Затем она жестом подзывает меня к карете. Я подхожу и встаю рядом с Кэт.
— Теперь твоя мама — мисс Софи. — Полулежа на сиденье, Кэндис кивает мне, и я одной рукой обнимаю Кэт. — Я очень горжусь тобой, Котенок. Ты храбрая девочка, — обращается она к дочери. — Будь счастлива. Я люблю тебя.
Я чувствую, как Кэт содрогается, но с губ ее не слетает ни слова. Ни одного. Я наклоняюсь к ней, хочу попросить, чтобы она попрощалась с матерью, но Кэндис велит сиделке, устроившейся напротив нее, закрыть дверцу. Я выпрямляюсь.

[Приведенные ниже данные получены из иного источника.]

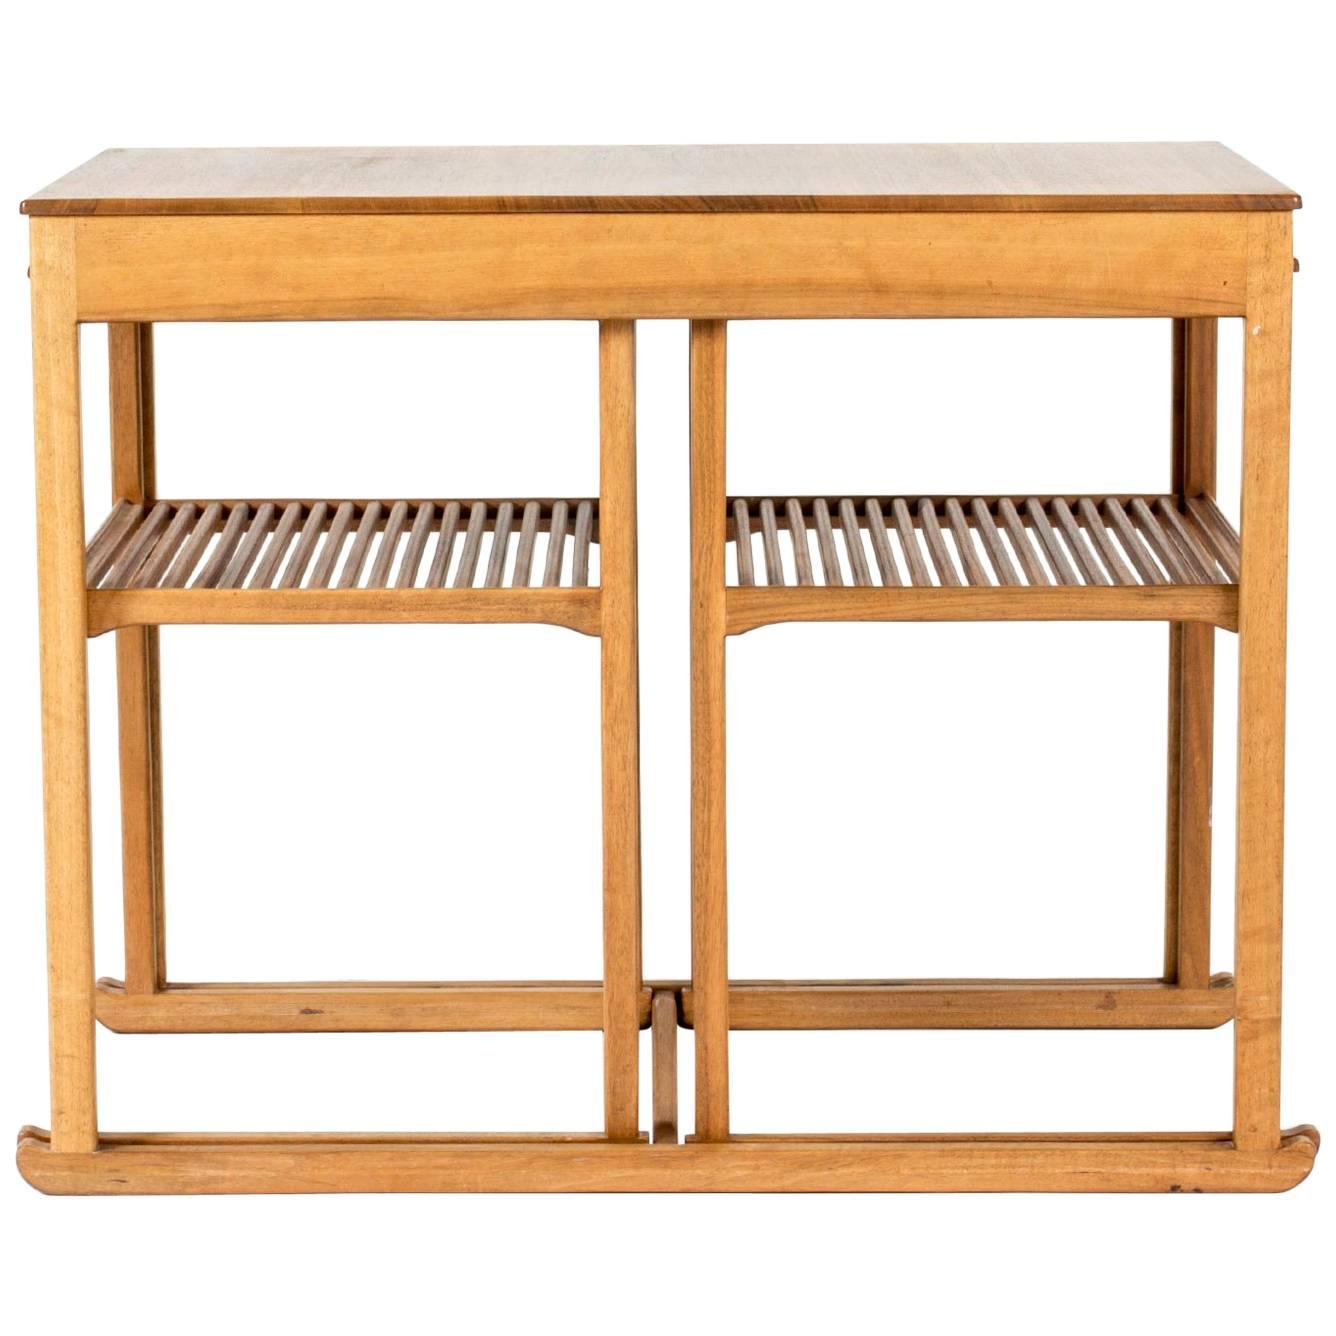 Walnut "The Sled" Nesting Table by Carl Malmsten

Кэндис не произносит напоследок «до свидания», и я понимаю почему: чтобы наша дорогая Кэт никогда не сожалела, что она не попрощалась с матерью.
Кучер вожжами хлещет лошадей. Экипаж трогается с места, катит по гравийной дорожке и затем поворачивает налево. Когда бряцанье сбруи и цокот копыт стихают, мы втроем — Белинда, Кэт и я — заходим в гостиницу.
Следующие две недели Кэт все больше замыкается в себе, привыкая жить без матери. Таким образом, я заметила, девочка обычно примиряется с событиями, над которыми она не властна. Впрочем, всем нам так или иначе приходится принимать то, что от нас не зависит. Кэт нашла свой способ. И кто скажет, что он неприемлем? Каждый вечер перед сном мы воображаем — я — вслух, она — про себя, — где в данный момент находится экипаж Кэндис. Представляем ее на безлюдных просторах Аризоны или Нью-Мексико, как она ищет и находит врата в рай. Думаю, мысль о том, что ее мать возносится на небеса, как Илия на колеснице, утешает Кэт. На нескольких рисунках она запечатлела экипаж, запряженный крылатыми конями, которые летят к солнцу.
Не знаю, понимает ли Кэт в полной мере, что она больше никогда не увидит мать, но я часто застаю ее у персикового дерева. Глядя на крону, девочка слушает шелест листвы.
Десятого сентября мы получаем телеграмму из Техаса, в которой нас извещают, что Кэндис скончалась через три дня после приезда.